8. The response surface model-based emission list feedback updating method according to claim 7, wherein the construction of the loss function is specifically expressed as:

Wherein Loss represents a Loss function value, gamma _sp, The average value of the ratio of the monitoring value to the simulation value of each monitoring point in a region s of a species sp, which is the target pollutant of the response surface model, is represented, and the region s is a certain subarea of the target region.
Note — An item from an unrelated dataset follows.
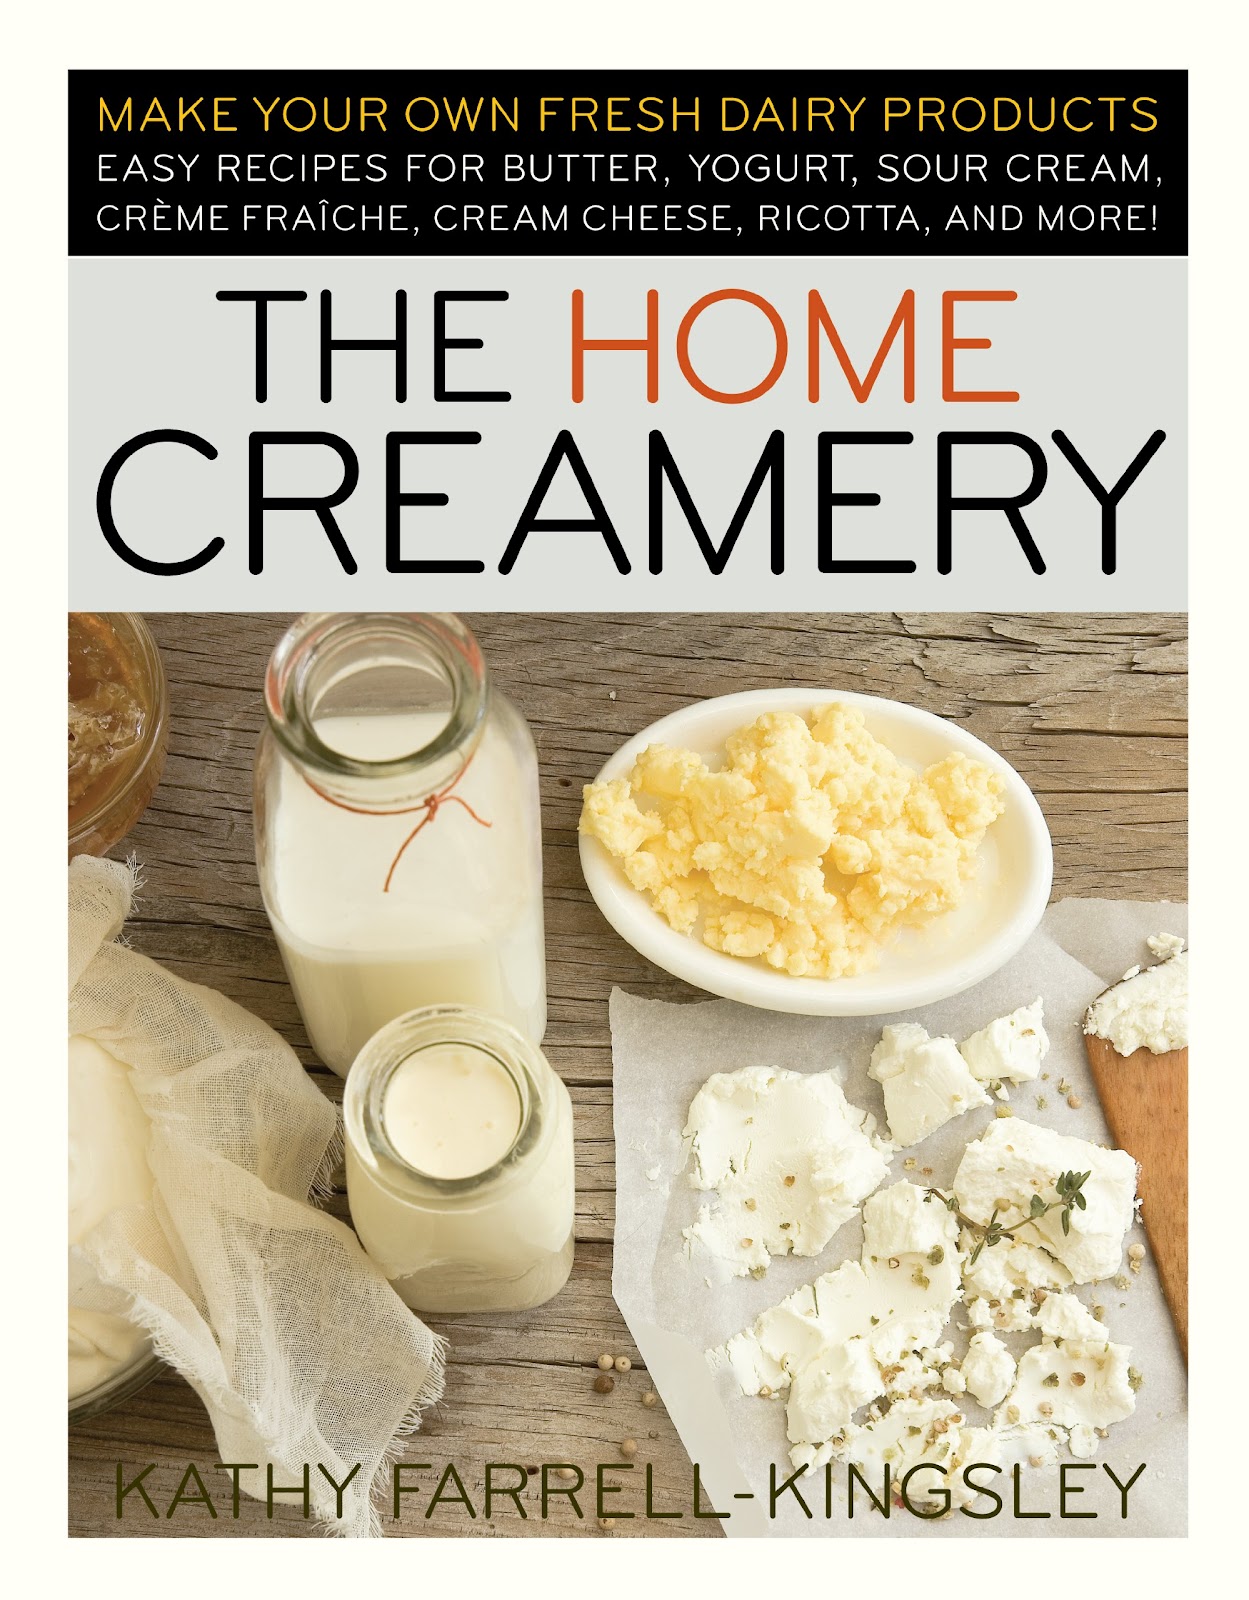 PDF Books - The Home Creamery: Make Your Own Fresh Dairy Products; Easy Recipes for Butter, Yogurt, Sour Cream, Creme Fraiche, Cream Cheese, Ricotta, and More!

9. An exhaust list feedback updating system based on a response surface model, comprising: the system comprises a region dividing module, a control matrix constructing module, a control scene simulating module, a response surface polynomial fitting equation coefficient calculating module, a target pollutant contribution calculating module, a prediction error weight calculating module, a response surface model constructing module, a sampling result acquiring module, a target region data acquiring module, a sampling result optimizing module, a loss function constructing module and a final correction result calculating module;

the region dividing module is used for dividing the target region into a plurality of subareas based on the target region pollutant emission list adjustment task;

the control matrix construction module is used for constructing a control matrix for the whole target area and each sub-area, and each area generates a plurality of control scenes to form the control matrix;

the control scenario simulation module is used for simulating control scenarios in all control matrixes based on the air quality mode;

The response surface polynomial fitting equation coefficient calculation module is used for calculating the coefficient of the polynomial fitting equation of the single area response surface and the coefficient of the polynomial fitting equation of the whole area response surface according to the results of air quality simulation of all scenes and the control matrix;

the target pollutant contribution value calculation module is used for calculating the sum of target pollutant contribution values of all areas to grid points based on the results of air quality simulation of each scene;

the prediction error calculation module is used for calculating and obtaining a prediction error caused by the overall change of the target area to the grid points based on the coefficient of the polynomial fitting equation of the overall area response surface and the polynomial fitting equation of the overall area response surface;

the prediction error weight calculation module is used for calculating the weight of the overall change prediction error of the region according to the control matrix;

the response surface model construction module is used for constructing a response surface model of the precursor discharged to the target pollutant concentration based on the sum of target pollutant contribution values of all areas to a certain subarea of the target area, the prediction error weight and the target pollutant reference scene concentration value of the grid point;

The sampling result acquisition module is used for randomly sampling control factors of all areas to acquire a plurality of groups of sampling results as initial solutions of heuristic optimization algorithms;

the target area data acquisition module is used for acquiring an original list of the atmospheric pollutants and air quality monitoring data of the target area;

the sampling result optimization module is used for solving the optimal emission proportion of each pollutant in the sampling result based on a heuristic random search algorithm and taking the optimal emission proportion as an optimization result of the sampling result;

the loss function construction module is used for constructing a loss function;

the final correction result calculation module is used for calculating a loss function value corresponding to the optimization result based on the loss function, and selecting the optimization result with the minimum loss function value as the final correction result of the original list of the atmospheric pollutants.

10. A computing device comprising a processor and a memory for storing a program executable by the processor, wherein the processor, when executing the program stored in the memory, implements the response surface model-based emissions list feedback updating method of any one of claims 1-8.